Alabama’s Women’s Health and Safety Act is a plank of the House Republican Caucus’ 2013 platform called “We Dare Defend Our Right to Life,” to address “[q]uestionable Supreme Court rulings [that] have eliminated the state’s ability to prohibit abortions altogether.” The sponsor of Alabama’s law, Rep. Mary Sue McClurkin, told an Alabama newspaper [Paywall] that the law was needed to protect women because “[w]hen a physician removes a child from a woman, that is the largest organ in a body.”
The Women’s Health and Safety Act is among the most restrictive state laws for abortion providers. The law requires that within six months, the state’s five reproductive health centers must provide the same patient care and meet the same building codes as ambulatory surgical clinics. Alabama clinics will likely have to add rooms, widen doorways to accommodate stretchers, and add pipelines for anesthesia.
The Alabama law also requires reproductive care clinics to report the name of the father of an unborn child to police when a patient is under age 16. The doctor performing an abortion on a minor must also contact the county department of human resources if the father is more than two years older than the minor. If a minor patient initially refuses to name the father, the law directs the clinic to encourage the minor to do so, consistent with state child abuse reporting requirements.
The provision that that will likely have the most impact, however, is the regulation of doctors who work at reproductive health care centers. The law mandates that every physician at a clinic where abortions are performed must have staff privileges at a hospital within the clinic’s metropolitan area. Alabama law previously required that only one doctor at a clinic have admitting privileges at an area hospital. The admitting privileges requirement is difficult for reproductive health centers to meet: hospitals with religious affiliations commonly refuse admitting privileges to OB/GYNs who perform elective abortions. A federal court recently stayed the enforcement of a similar Mississippi law after no area hospital would admit doctors who worked in that state’s only abortion clinic. In places where there are few in-state doctors willing to perform abortions, clinics must seek out-of-state physicians who are willing to travel. Given the controversy surrounding abortion issues, even local hospitals that have no religious affiliation may be reluctant to grant admitting privileges to out-of-state doctors for abortion care.

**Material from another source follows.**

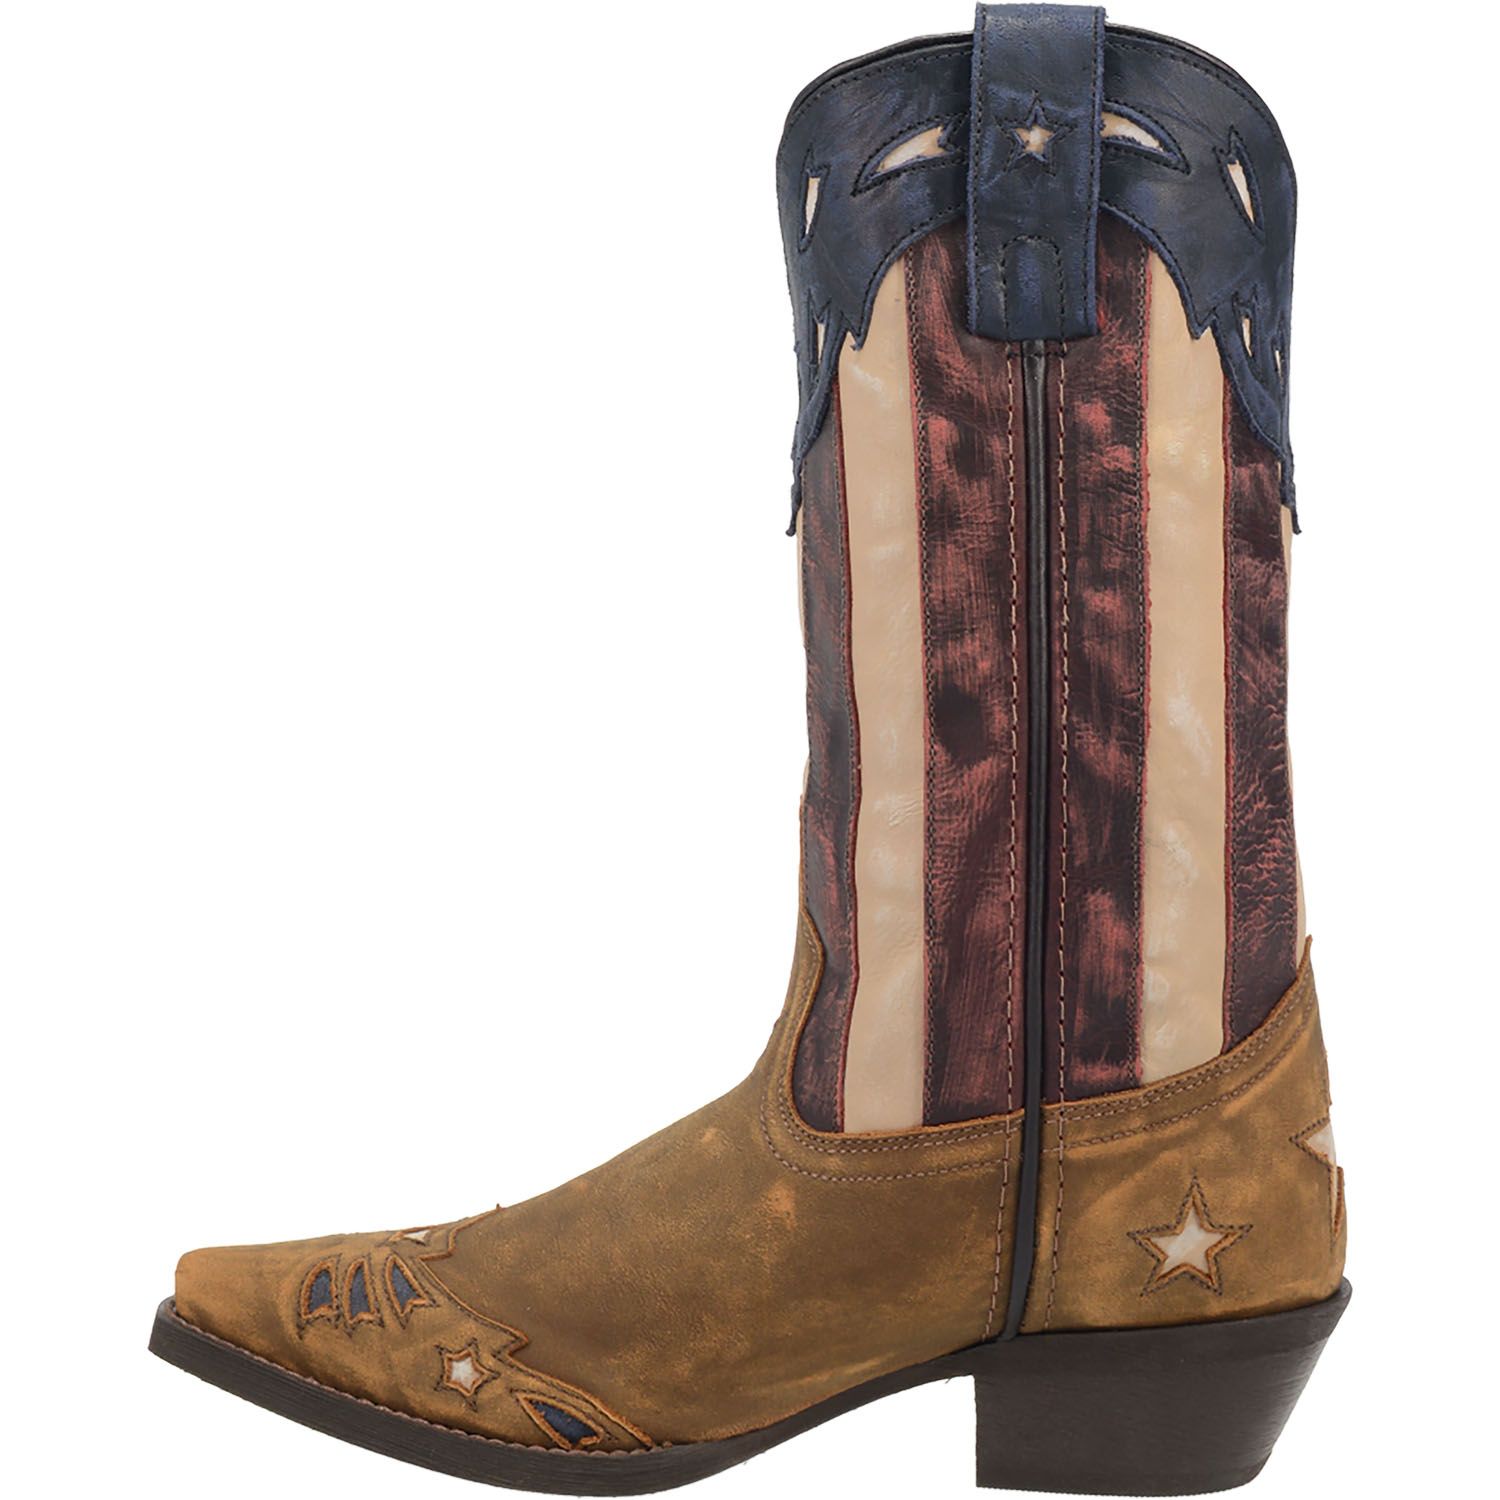 Pungo Ridge - Laredo Women's Keyes Boots - Tan, Women's Laredo Boots, 52165

Opponents call such state abortion reform laws TRAP laws (Targeted Regulation of Abortion Providers). The goal of TRAP laws, argue organizations such as the Center for Reproductive Rights, is to do incrementally what Roe prevents states from doing directly: ban abortions. Pro-choice advocates say that these measures make providing abortions so expensive and burdensome that clinics will be forced to close. They also argue that the new laws’ building codes and surgical care requirements are also medically unnecessary, pointing to CDC reports that of 784,507 legal abortions performed in the United States in 2009, twelve women died as a result of the procedure.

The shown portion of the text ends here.